A large Slavic village named Bivalo (Bivaljoš) existed at this location in the past. Name of the village came from the Slavic word "bivalo" meaning "buffalo" in English. The village is mentioned first in 1237, but archeological research showed that it dates from the 5th-6th century.

In the 16th century, the village was destroyed and later Ottoman defters mention Bivaljoš as heath that was inhabited by people, but not in the form of the settlement. In 1554, the Ottoman defter recorded that Bivaljoš have one house that paid taxes. In 1570, there were no recorded houses that paid taxes in Bivaljoš. However, since Ottoman defters did not recorded houses that were liberated from paying taxes, these records do not show correct number of inhabitants of the area. Bivaljoš was last time mentioned in 1701 as heath that was used for cattle pasture.

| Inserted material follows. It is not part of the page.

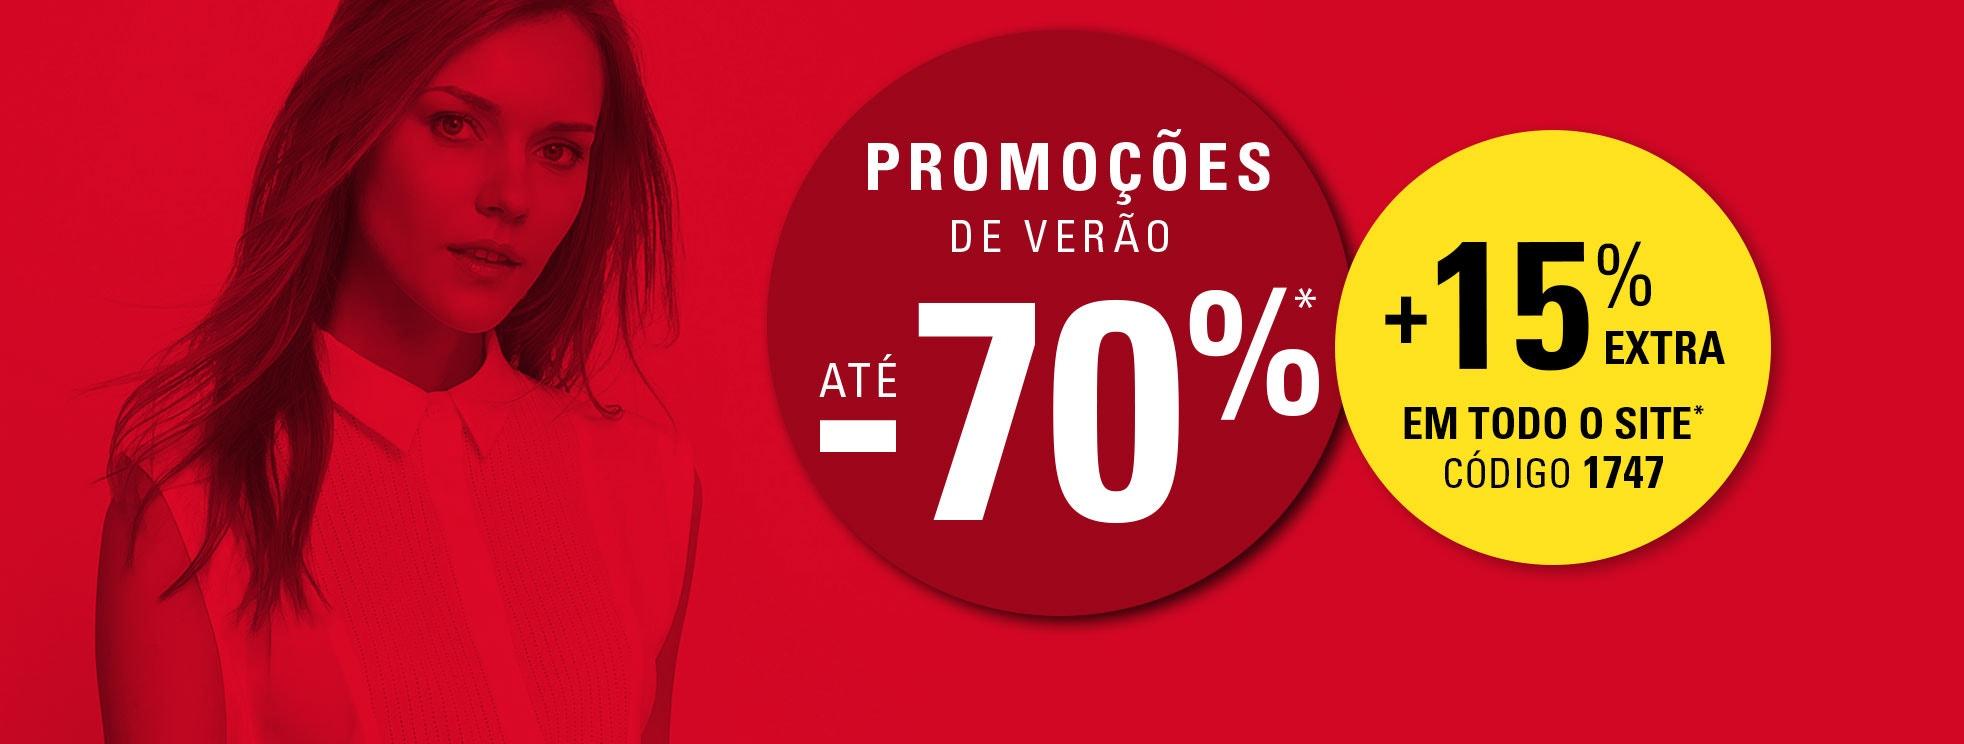 PROMOÇÕES DE VERÃO ATÉ -70%* + 15% EXTRA

New settlement in the territory of present-day Slana Bara was founded in the last decade of the 19th century by the Romanian-speaking ethnic Romani. This settlement had about 1,000 inhabitants. In the beginning of the 20th century, Serbs and others also started to settle in the area. In 1921, the Novi Sad city authorities adopted the decision to give house lots on Slana Bara to poor families for house construction. The important event for the further development of the settlement was the construction of the international road in 1936–38.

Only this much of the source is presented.